◆ **INPUT DATA**

*** Block opens ***

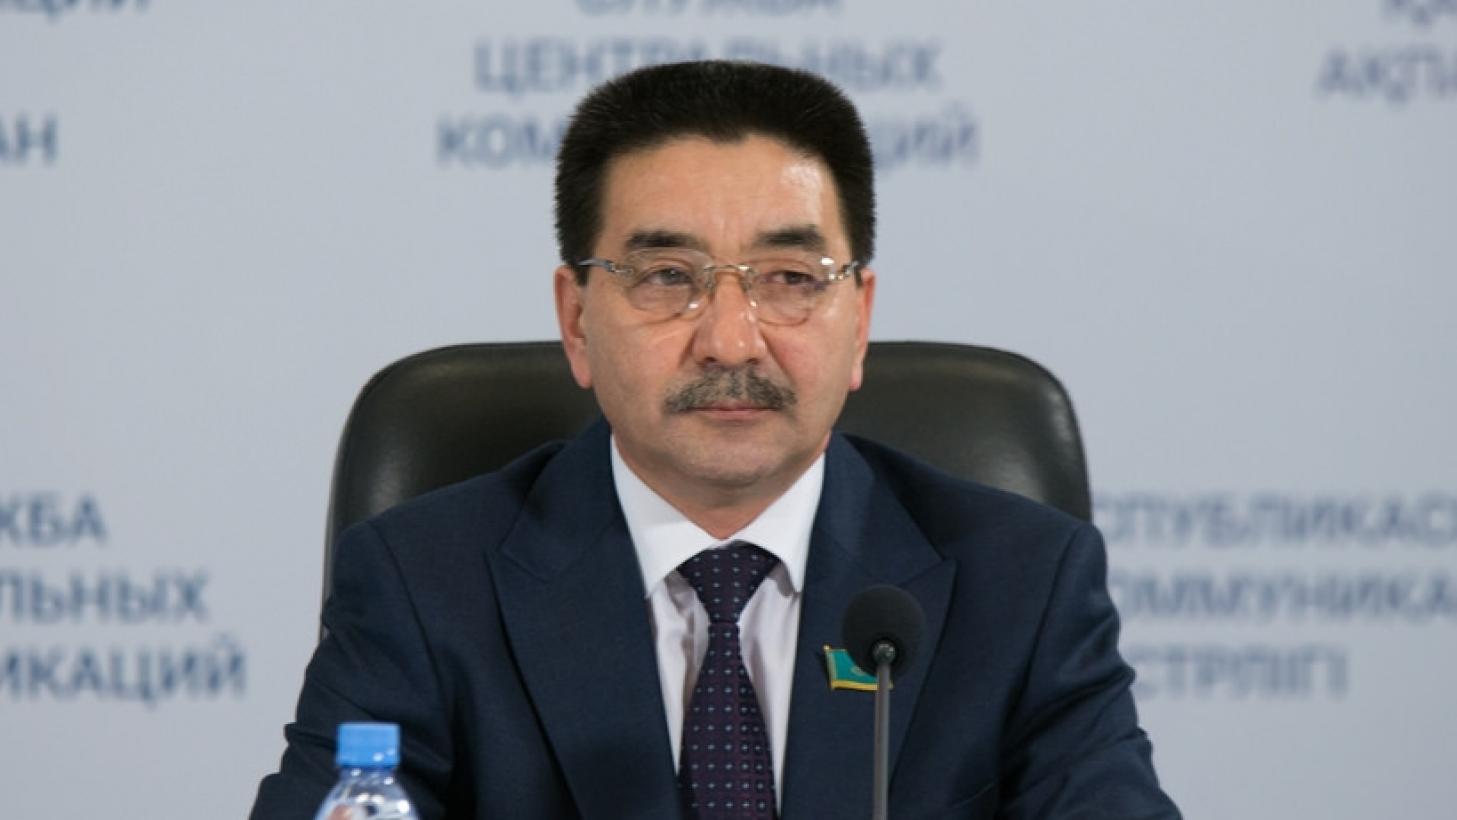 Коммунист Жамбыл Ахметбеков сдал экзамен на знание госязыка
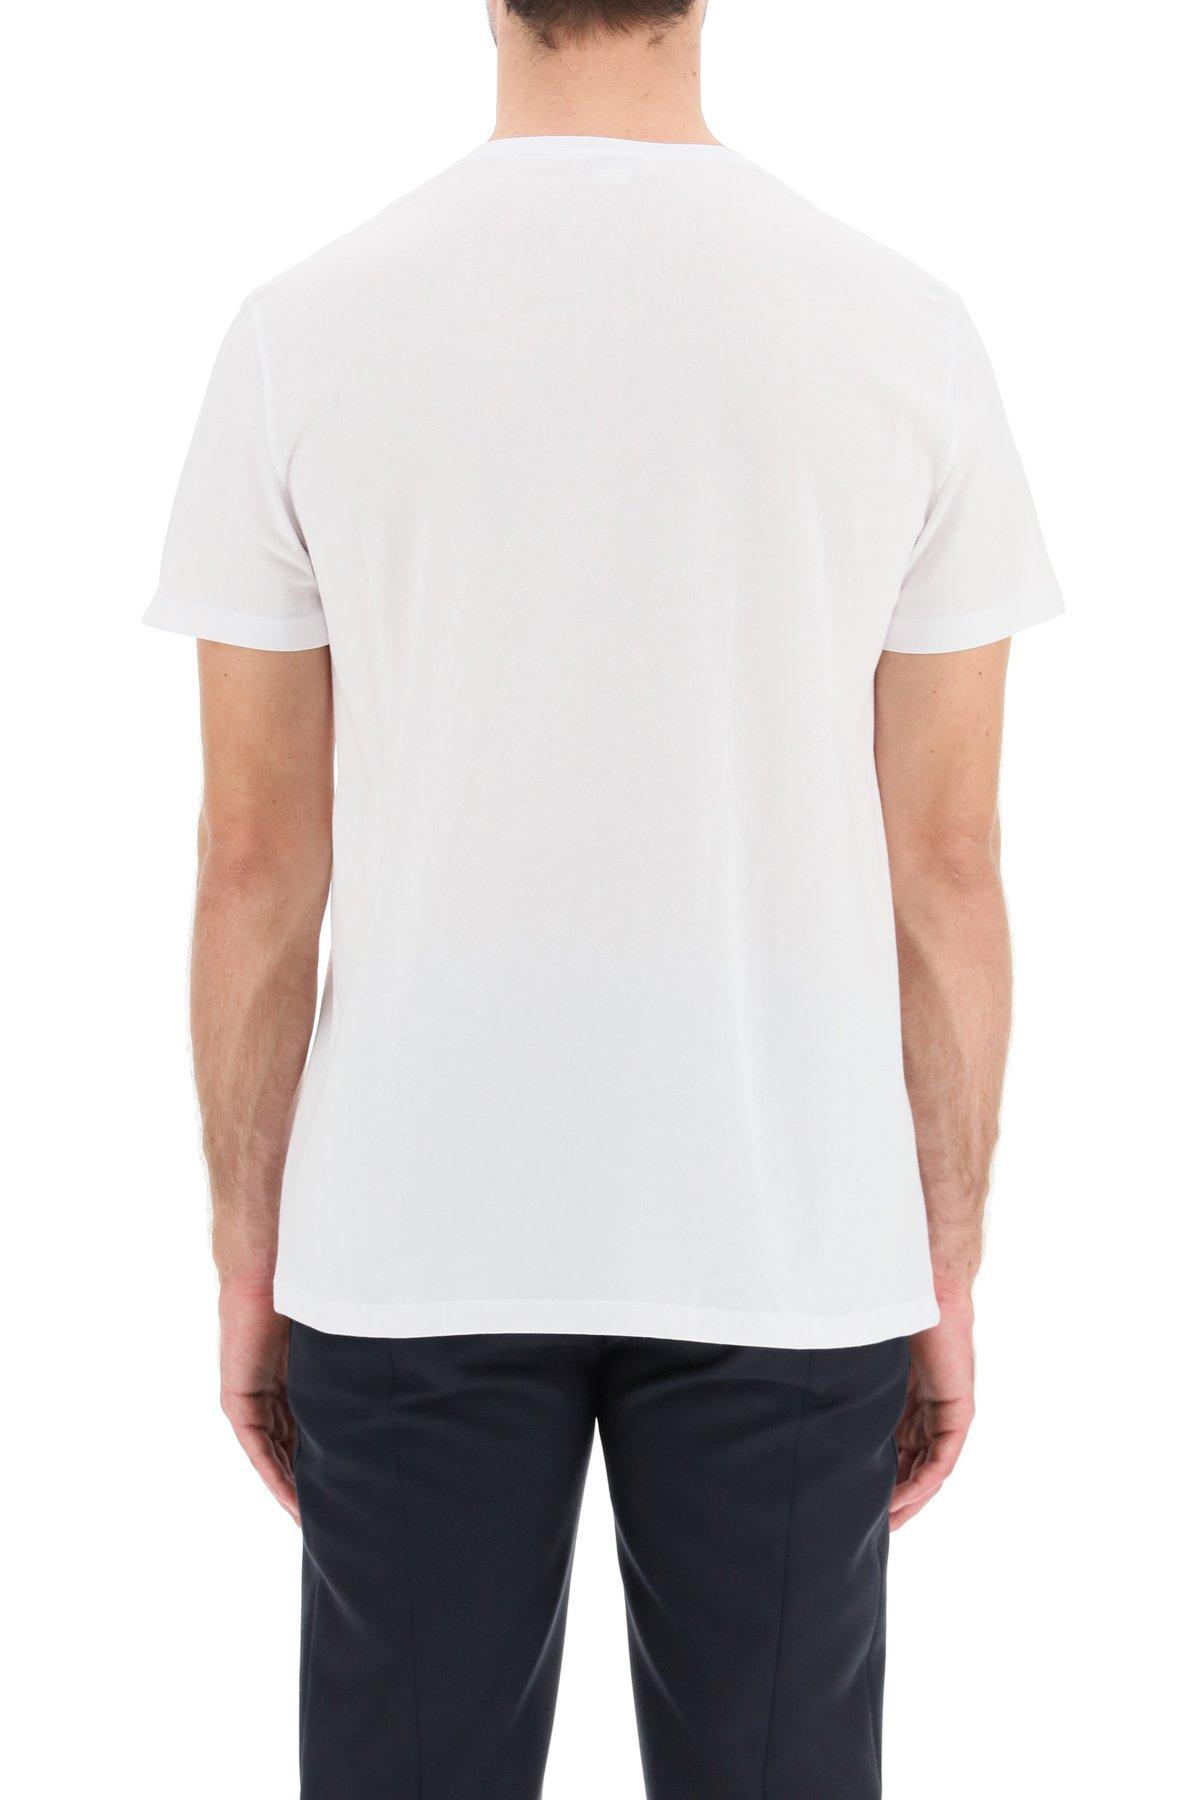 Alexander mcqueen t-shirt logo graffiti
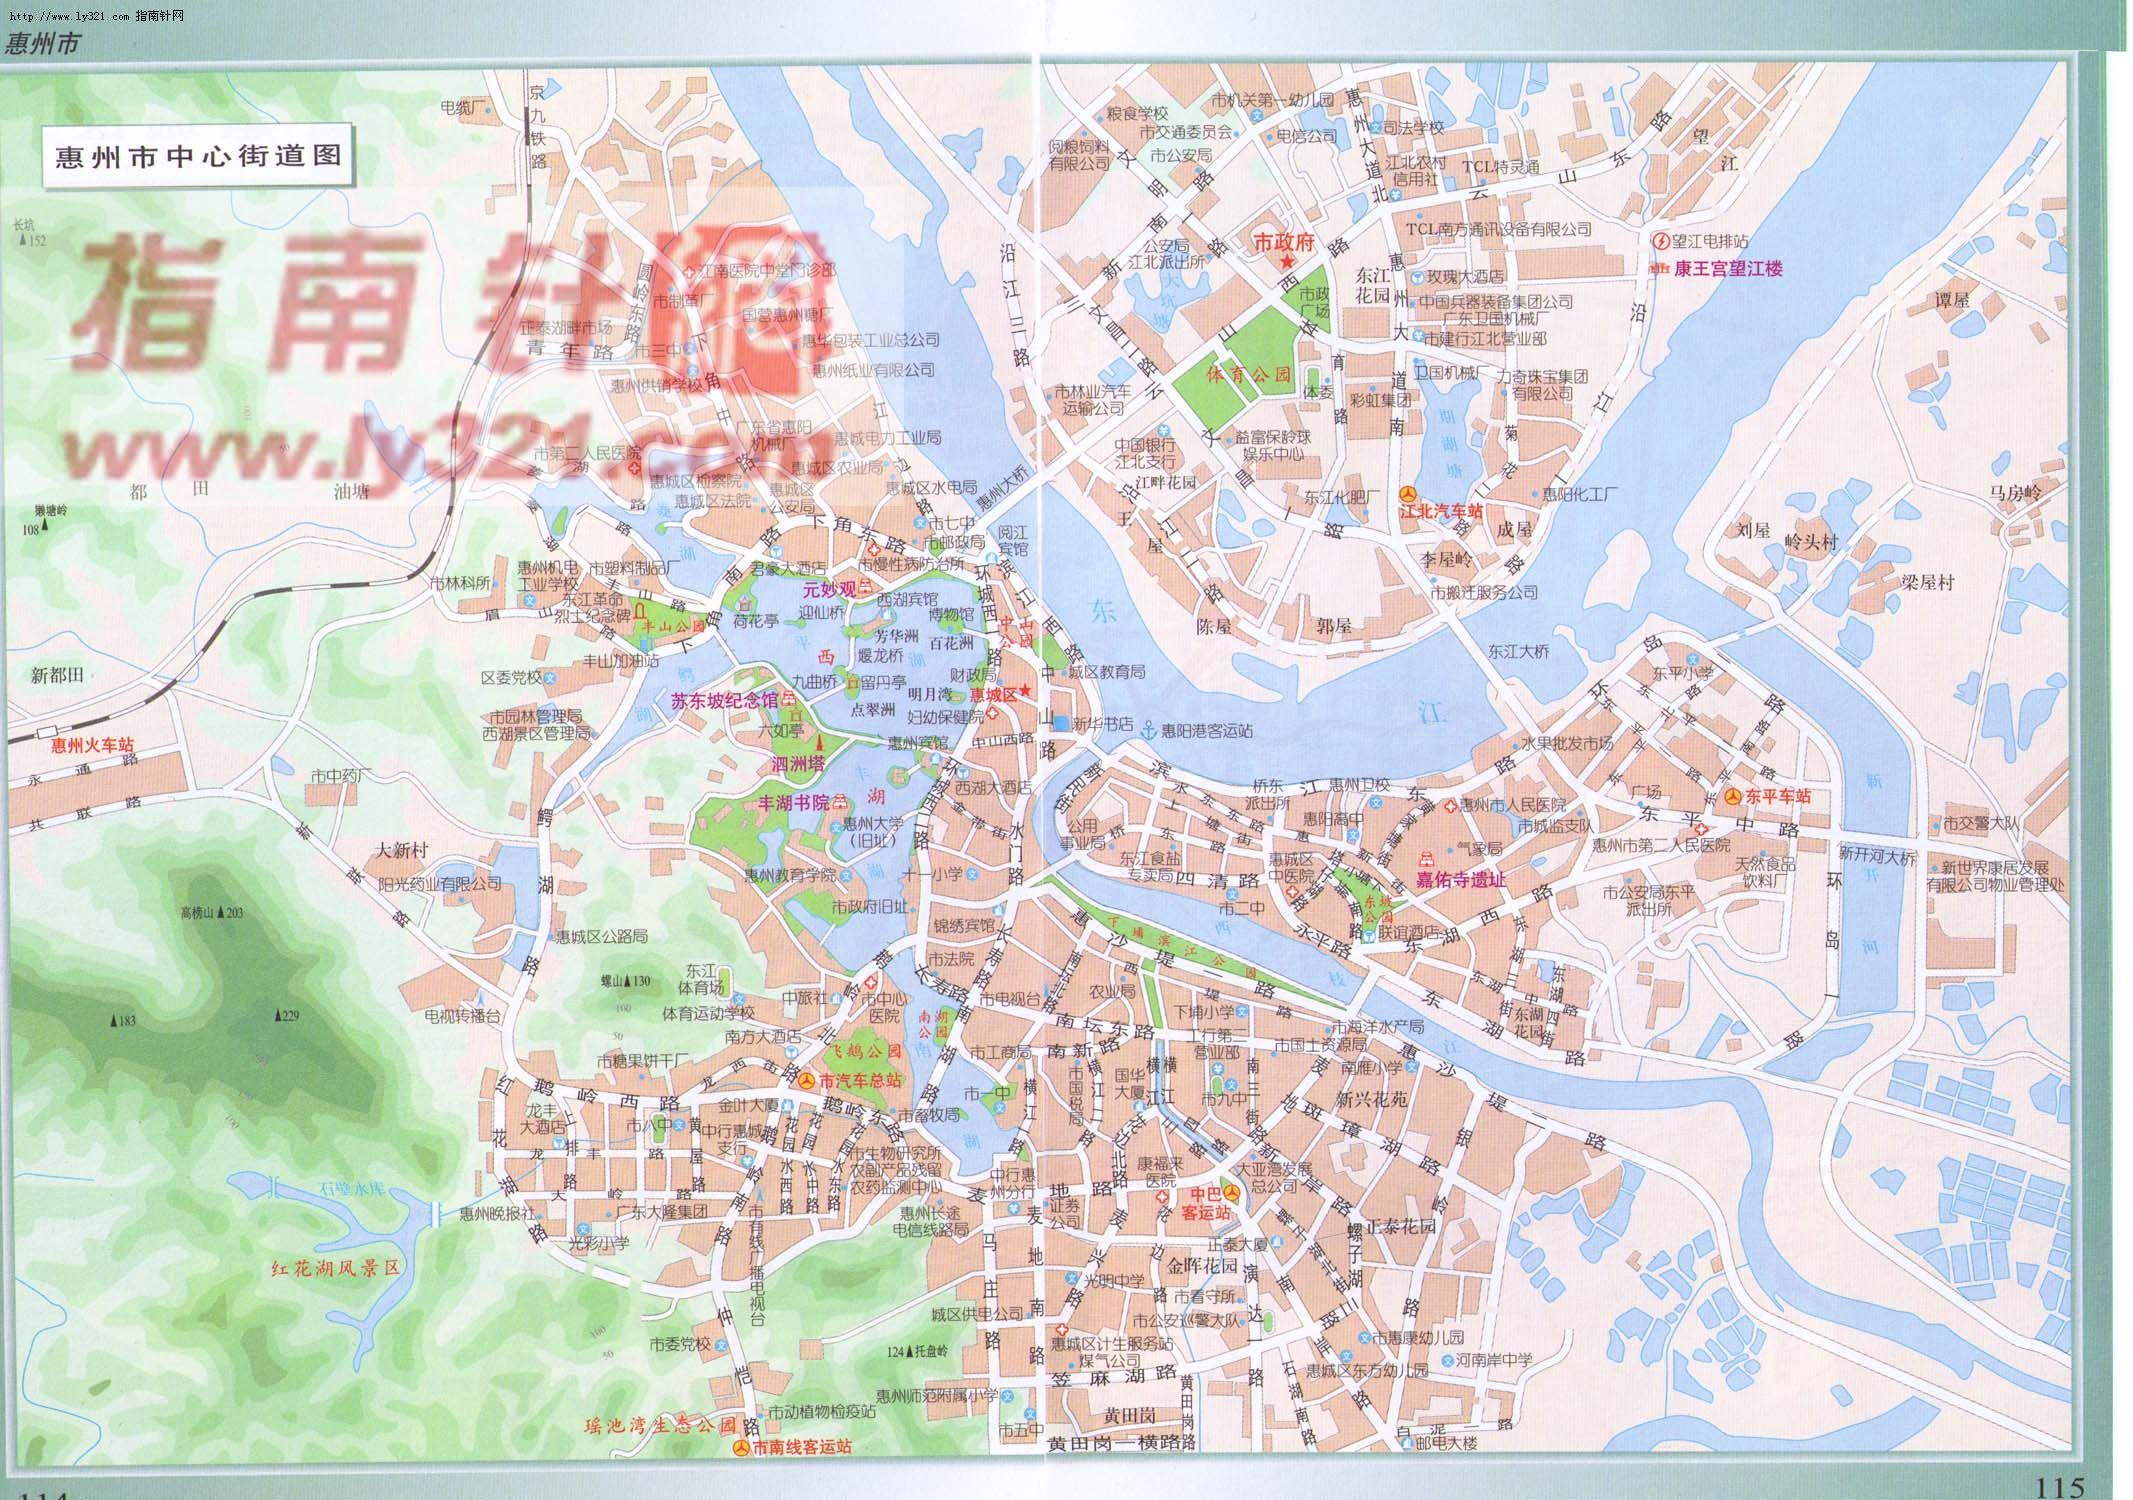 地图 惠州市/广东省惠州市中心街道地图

*** Block closes ***

◆ **TASK PROMPT**
Send back every line above exactly, skipping all pictures.

◆ **EXERCISE ANSWER**
 Коммунист Жамбыл Ахметбеков сдал экзамен на знание госязыка
 Alexander mcqueen t-shirt logo graffiti
 地图 惠州市/广东省惠州市中心街道地图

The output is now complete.